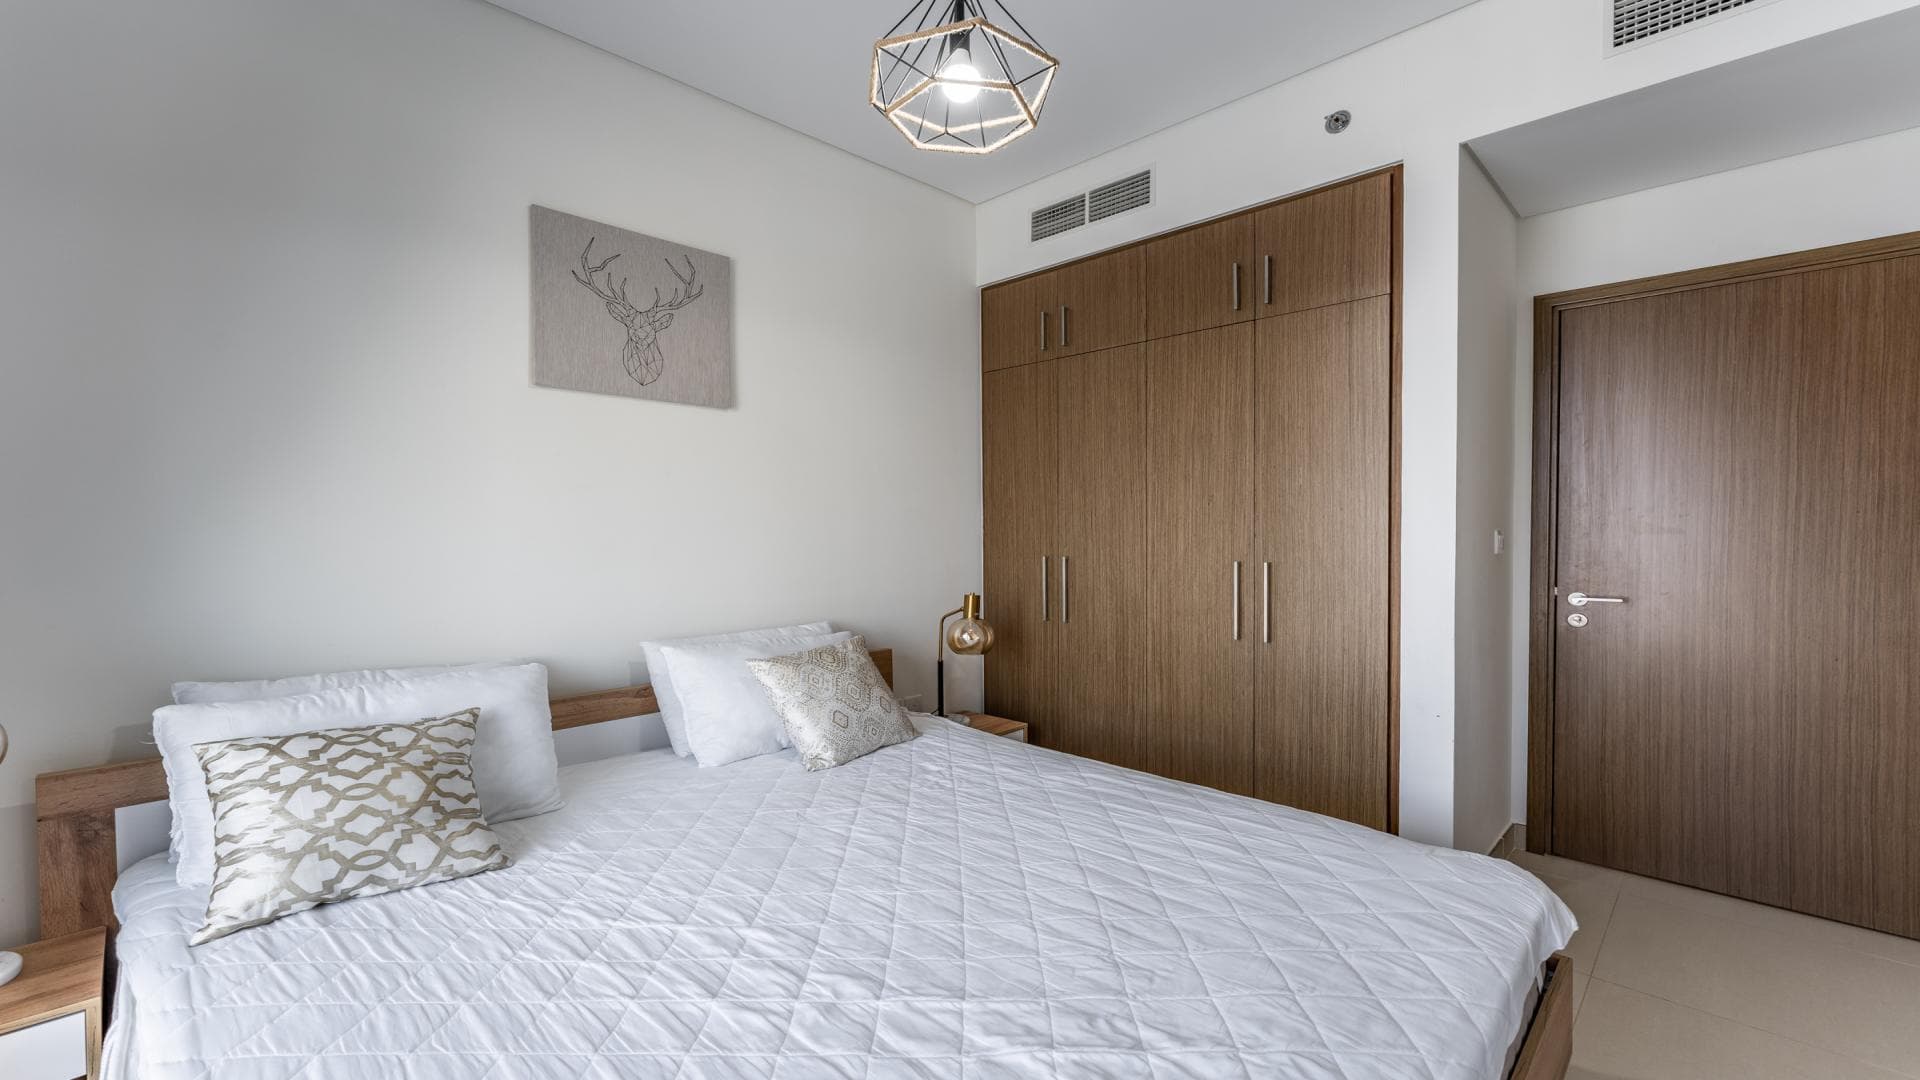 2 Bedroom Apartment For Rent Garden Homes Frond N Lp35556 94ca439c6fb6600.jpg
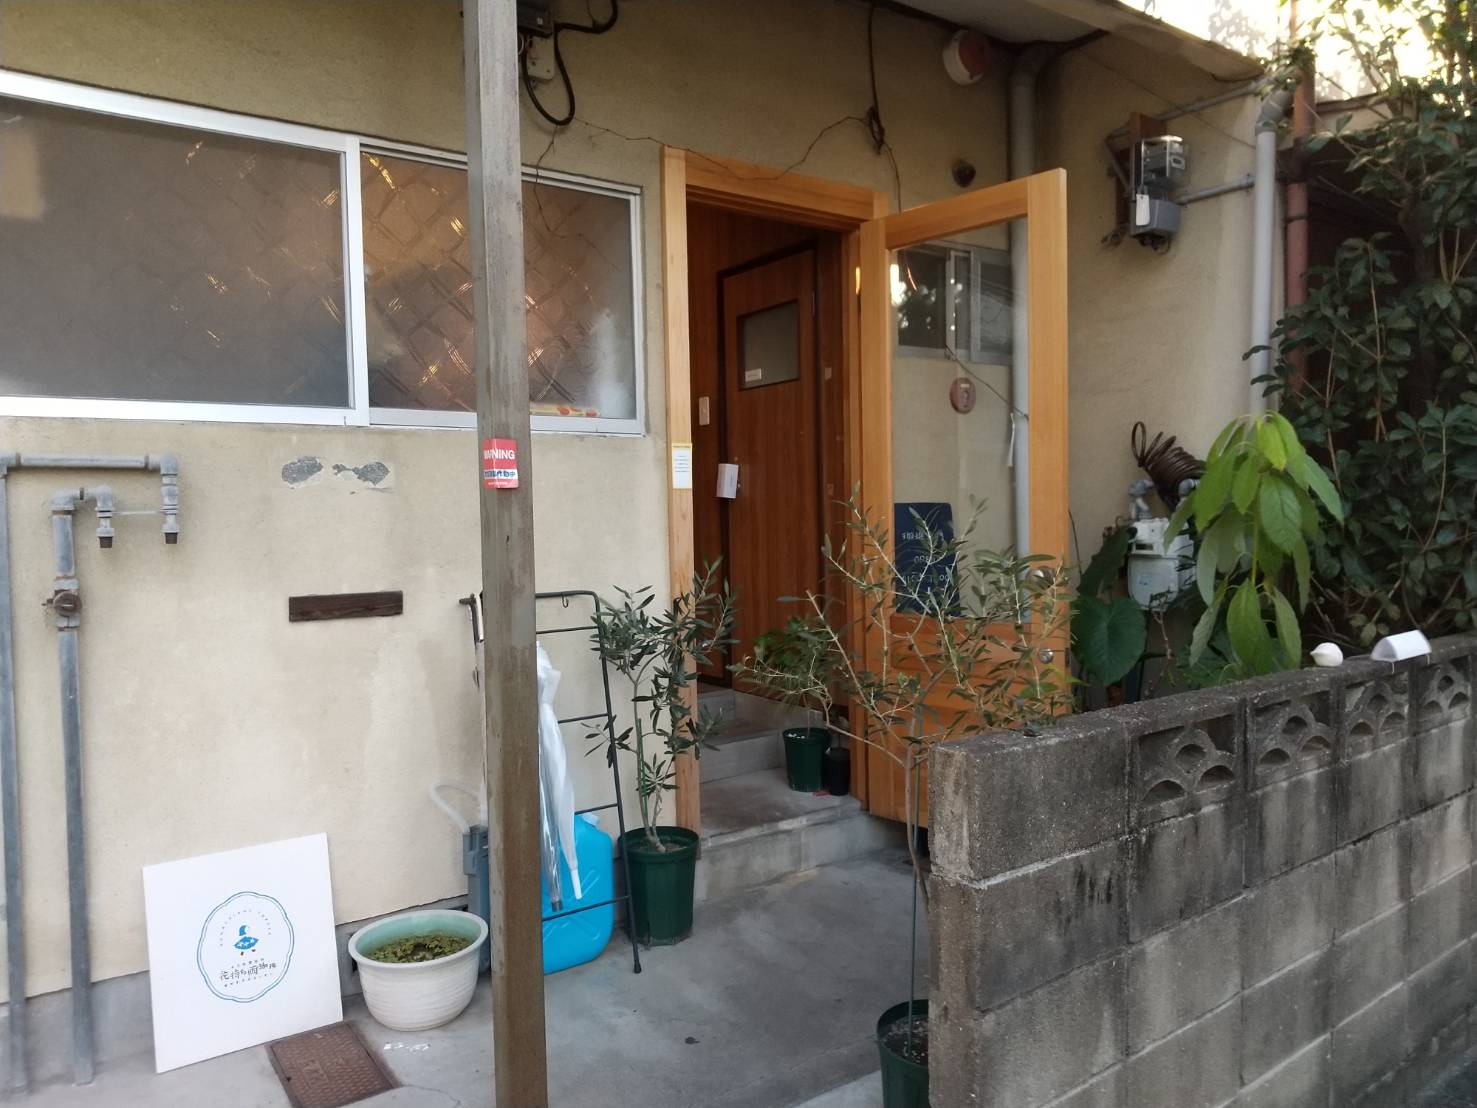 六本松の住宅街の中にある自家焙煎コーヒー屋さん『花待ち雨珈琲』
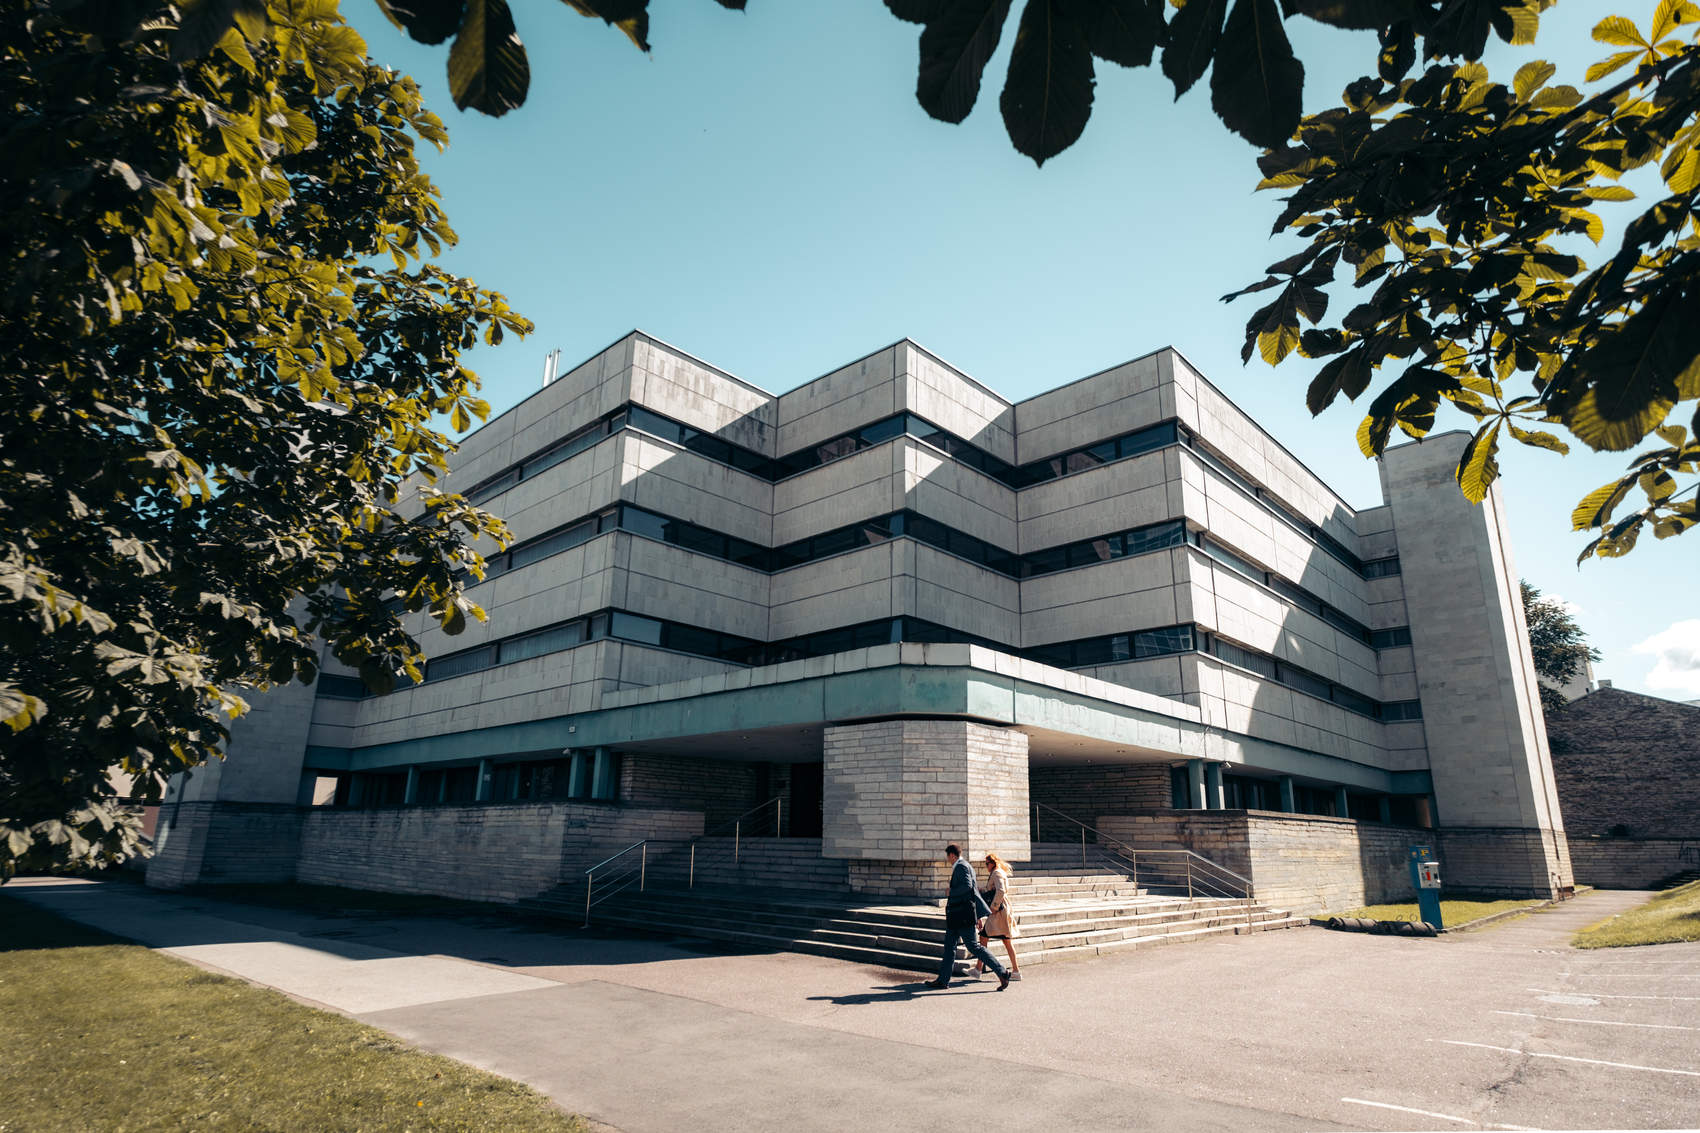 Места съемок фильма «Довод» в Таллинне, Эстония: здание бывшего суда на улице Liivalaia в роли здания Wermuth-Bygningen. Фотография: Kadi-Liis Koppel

■ What needs to be done:
Go through the listing above and retype it exactly, skipping every picture.

■ Solution below:
 2 Bedroom Apartment For Rent Garden Homes Frond N Lp35556 94ca439c6fb6600.jpg
 六本松の住宅街の中にある自家焙煎コーヒー屋さん『花待ち雨珈琲』
 Места съемок фильма «Довод» в Таллинне, Эстония: здание бывшего суда на улице Liivalaia в роли здания Wermuth-Bygningen. Фотография: Kadi-Liis Koppel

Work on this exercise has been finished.